Besé con intensidad su mejilla y cerré mis ojos negándome a entregar mi corazón al dolor que estaba experimentando, ella me estaba dejando ir. ¿A caso no debía aceptarlo yo también? Era irme a hacer mi vida y cumplir mis sueños o quedarme a esperar un milagro.
—Te fastidiaré mucho. Lo prometo —solté con tono apagado.
—¿Cuándo te vas?
—En una semana o máximo dos.
—¿Tan rápido? ¿Te necesitan tan pronto?
—No, ellos me esperan en un mes, pero quiero ponerme al día con el idioma y asegurarme de que no olvidé nada, ver donde me quedaré, conocer la ciudad.
—Me gusta que lo planifiques, así saldrá todo mejor.
Sonaba afligida, abatida. Sabía que me extrañaría de verdad. La tomé por la mano y la saqué del apartamento. Se dejó guiar sin preguntar nada.
—Los chicos quieren hacer una fiesta de despedida.
—¿Desde ya? —preguntó ocultando su diversión.

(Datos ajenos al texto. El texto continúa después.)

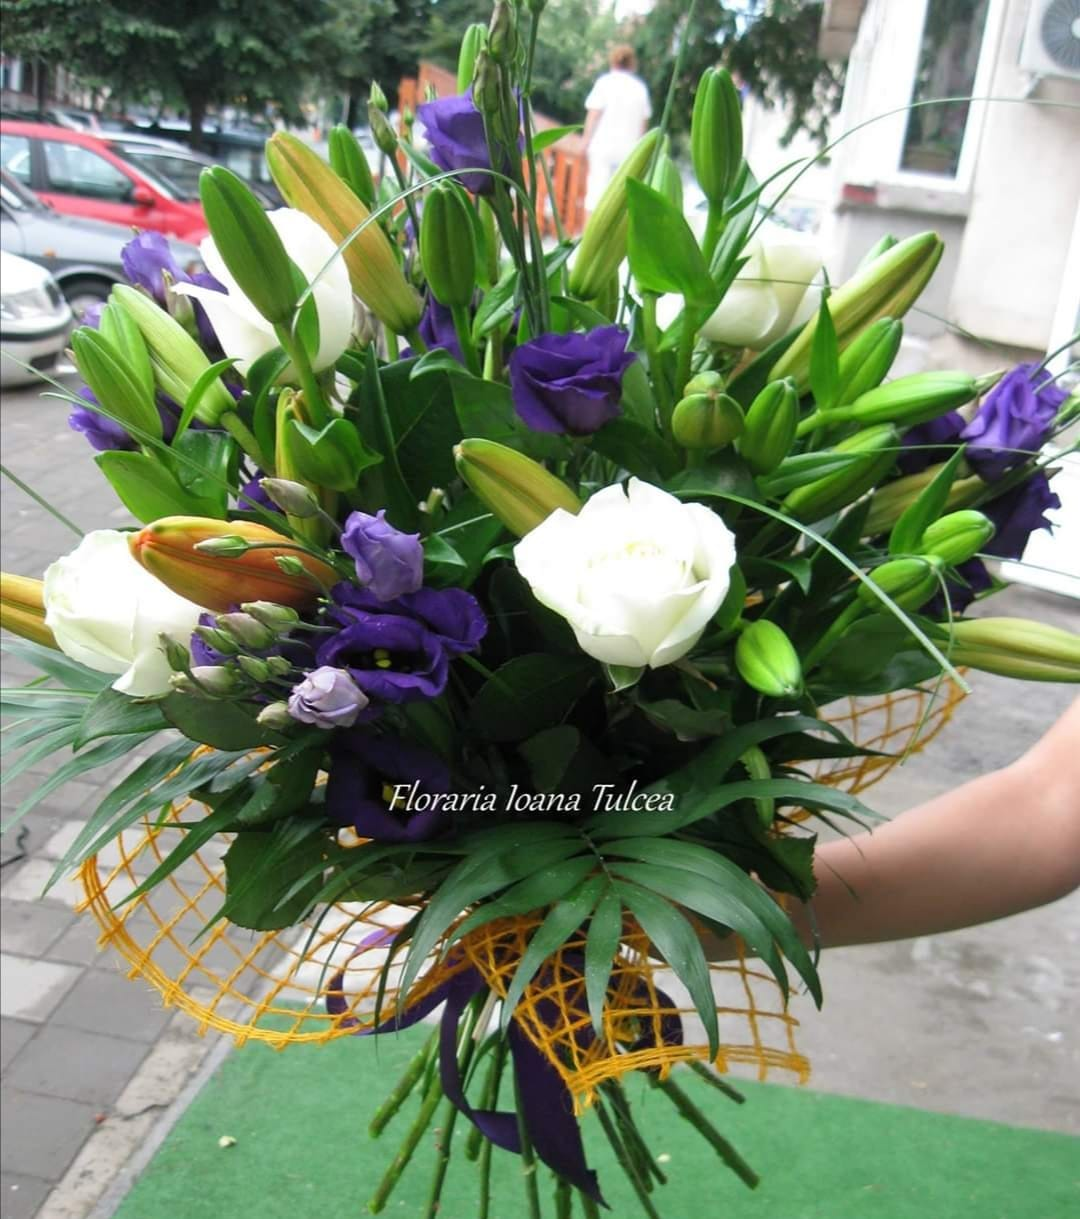 Buchet 7 trandafiri albi, 5 crini, 5 liziantus mov preț 175 lei

—Será todos los días hasta que me vaya.
Negó arreglándose el pelo con una mano. Miró mi camiseta negra y jugueteó con los bordes. Yo llevaba jeans de color gris y ella también, y los dos con camisetas negras. Solíamos vestirnos combinados sin ponernos de acuerdo, eso siempre nos divertía.
—Está es nuestra versión de sincronizar los ciclos menstruales, como tú no menstruas, al menos nos vestimos iguales sin planearlo —dijo con la expresión ida acariciando los bordes de la manga de mi camiseta.
Besé su frente.
—Hablaremos siempre, ya verás —le prometí conteniendo la voz quebrada, y el llanto atravesado en la garganta.
Durante el camino puse música alegre a todo camino y cantamos y reímos distraídos. De vez en cuando preguntaba que pensaba mi padre, o sí creía que los chicos vivirían sin mí. De vez en cuando le respondía con monosílabos y oraciones caprichosas y vagas, no quería pensar demasiado porque me pondría a llorar.
Al llegar al bar donde nos reuniríamos, su tristeza se fue y la mía también, había música y gente bailando desinhibida por todo el lugar. Vimos a los chicos, al notarnos hicieron señas con la mano, algunos mostraban pesar en sus expresiones, otros reían descontrolados. Estaban en el área VIP, sobre uno sofás de cuero rojo con una pared negra al fondo.